On the Arduboy … and multiple solutions are fine.

I am prototyping it in another language and it looks scary to ‘brute force’ it.

This sounds interesting!
At first I was confused, thinking of Sugru - the neat adhesive!
… But then I found a guide to playing Suguru. Looks challenging :slight_smile:

Re. generation - I wonder if it’s like Sudoku? Algorithmically produced Sudoku isn’t as fun to play as those crafted by a human… You almost need an understanding of how people solve the problem, and what makes the process fun.

1 Like

My first attempt produced a 5x5 grid that cannot be populated!

Time to refine the code.

I wrote this attempt in VBA (in Excel, something installed on my work machine).

The left hand side defines the blocks, the right hand side is showing a partial iteration. I ran it over night and the furtherest it got was to block 12. I didn’t count the iterations but am guessing it would have done tens of thousands of attempts.

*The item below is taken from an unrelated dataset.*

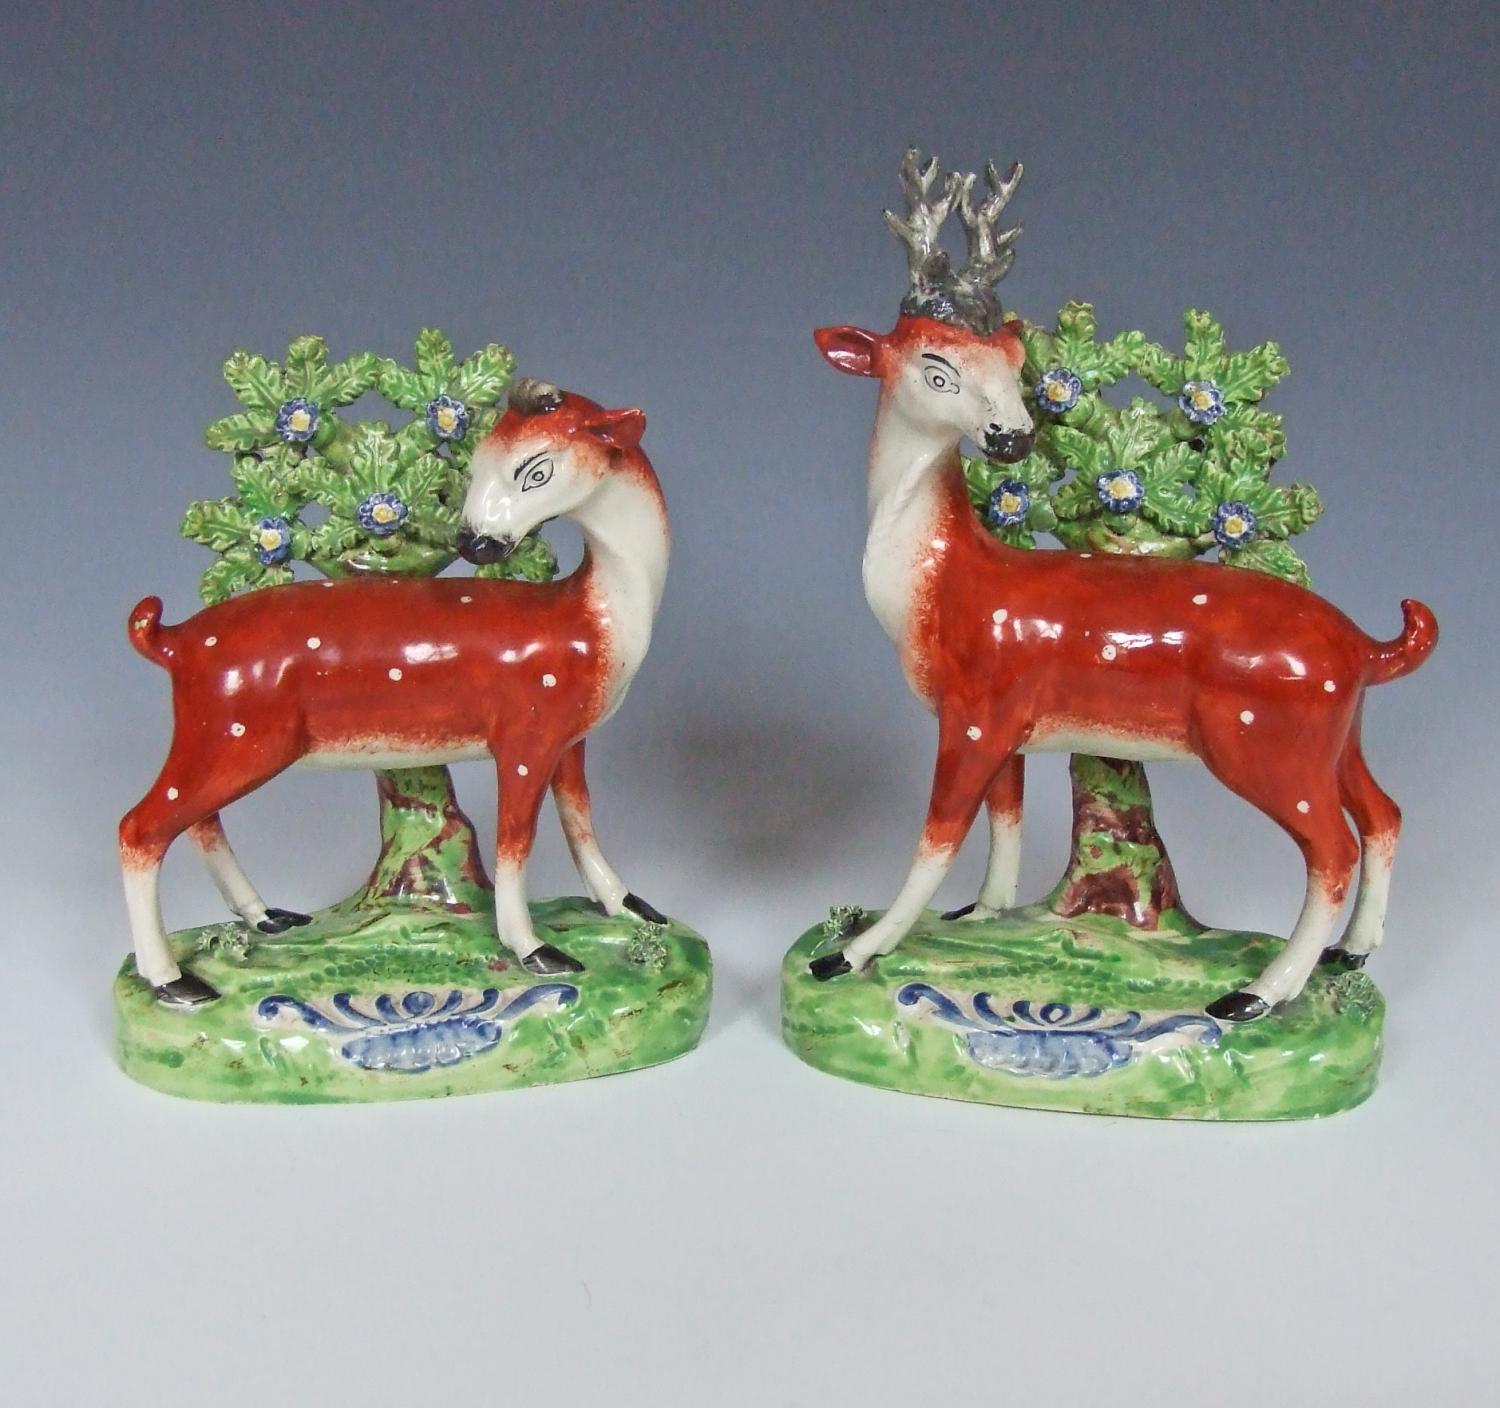 Early Staffordshire stag figures

The issue with the code (and maybe the problem) is that you cannot just back-track a block and retry as it could be any of the early blocks that have dictated subsequent blocks and ultimately led to an impasse. When the process restarts, it simply tries all the combinations again thus covering old ground.

Any ideas on how to improve this algorithm?

The attached is a Macro enabled Excel spreadsheet. Yes, Excel. (22.3 KB)

That’s going to restrict which techniques you can use…

Upon seeing the right hand side, my instinct is to suggest that you start collecting list of numbers that each cell can’t contain.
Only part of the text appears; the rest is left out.